Al cabo, la percepción intrusiva se diluye. Uno deja de percibirse como un intruso que se ha apropiado del sillón, la biblioteca, la casa y la familia de otro.

Suelo sentirme así cuando llego a un lugar en el que el personal se queda pero la cabeza ha sido cortada. Es una sensación interior. Me acompaña, nada más. Yo, hago lo que tengo que hacer o lo que llegué para hacer. Lo que pasa conmigo no le compete a otro más que a mí.

Para estos de hoy, resulto ser una novedad atractiva. Se los noto. Un tipo que usa drones, que analiza palmo a palmo las reuniones menos pensadas y es capaz de decirle a su hacker «ahí hay un teléfono, dame todos los datos», señalando a un tipo en la pantalla que bien se puede estar rascando la cabeza o acomodándose el cuello de la camisa –porque la suya es una figurita que apenas se ve–, les altera un poco la percepción de servicio que tenían.

«El hijo de puta está en todo», escuché que les decía el Avispa, mientras yo iba al baño.

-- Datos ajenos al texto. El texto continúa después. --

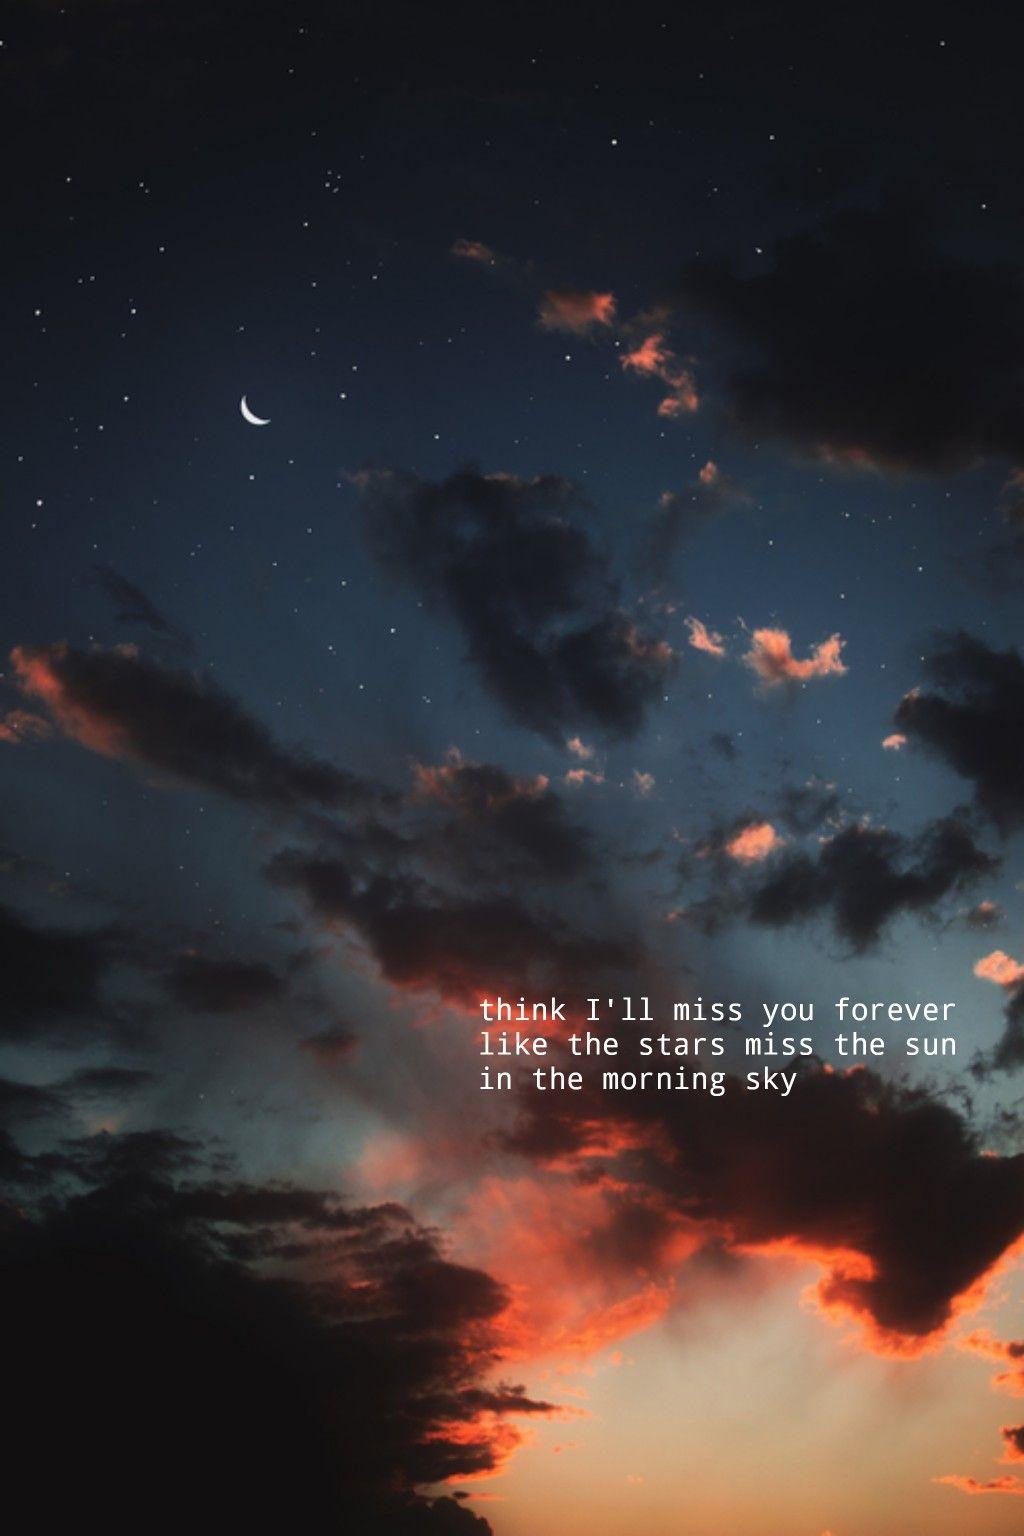 Lana del rey Summertime sadness quote night sky sunrise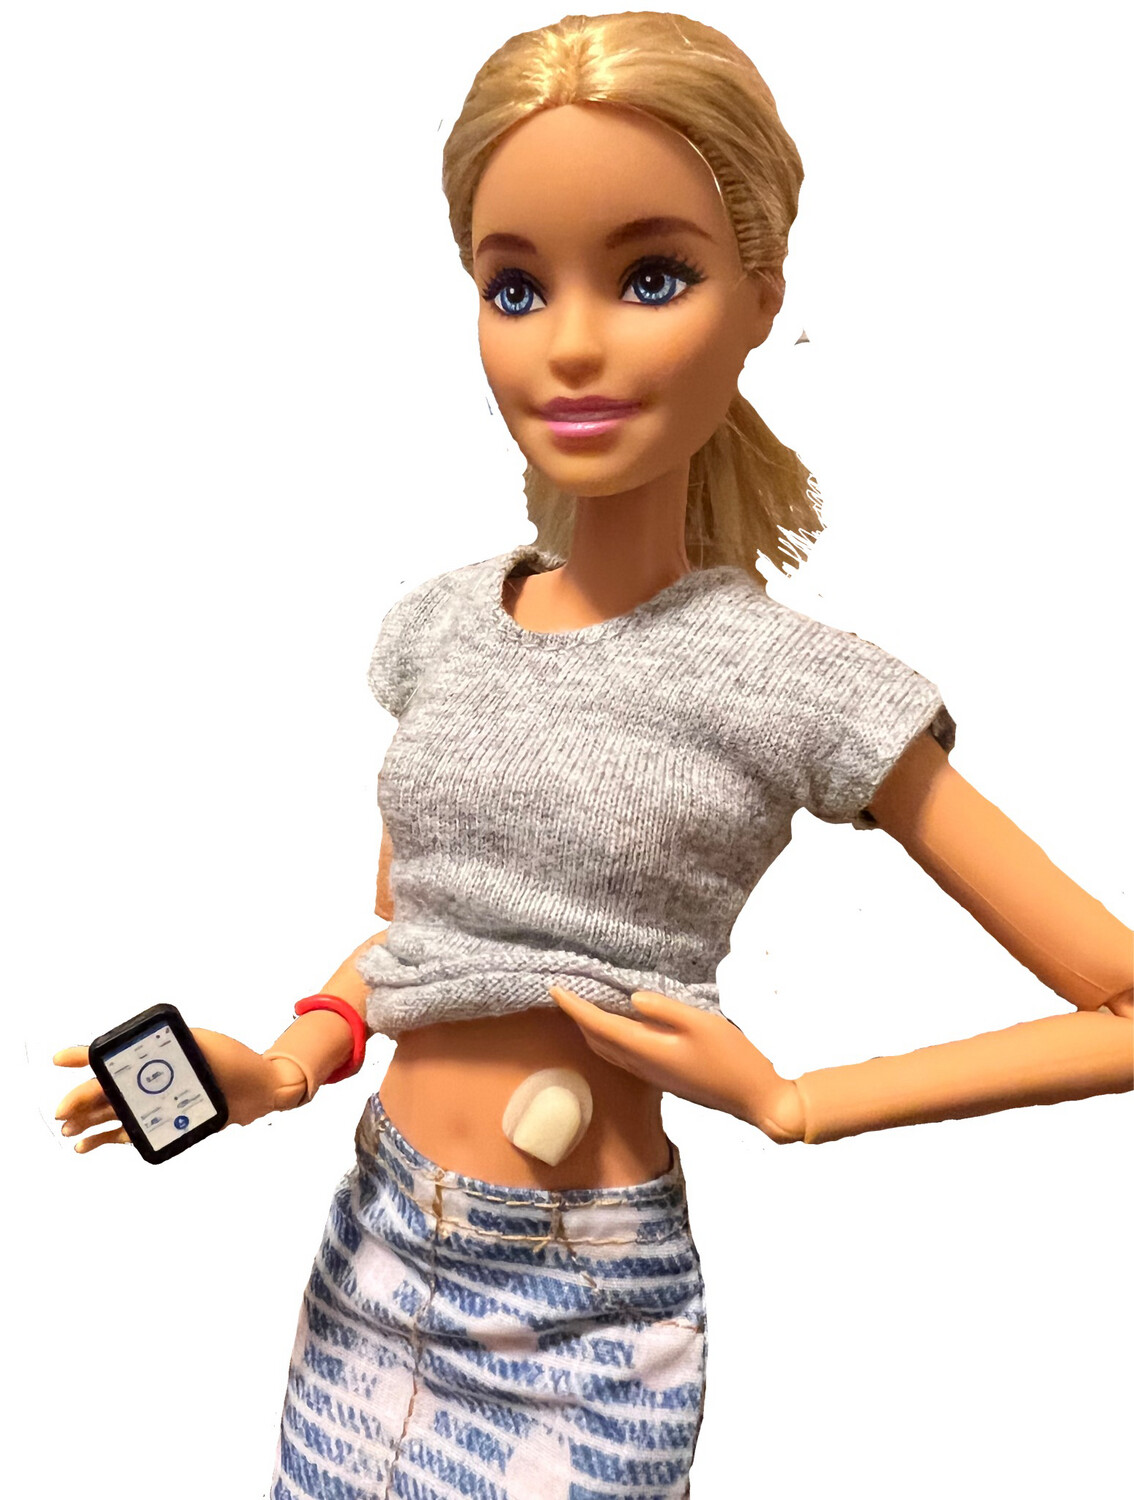 Toy Insulin Pump - Looks Like OmniPod Dash - Barbie/Action Figure Size

Uno se gana los espacios. Lo hace a pulso. Incluso, los que –como yo– rompemos los sistemas estancos. Trae sus consecuencias y genera sus odios, pero es parte del juego.

El liderazgo de un equipo es más importante que la jefatura. Comandar y liderar no es lo mismo. Comandante es un título. Líder, es un lugar ganado.

Algunos no van a reconocerte jamás esa cualidad porque los desplazás y resultás invasivo. Generás una competencia que ni siquiera está en tus planes, porque el que hace, hace. Nació para hacer y (valga la redundancia), no sabe hacer otra cosa que hacer las cosas.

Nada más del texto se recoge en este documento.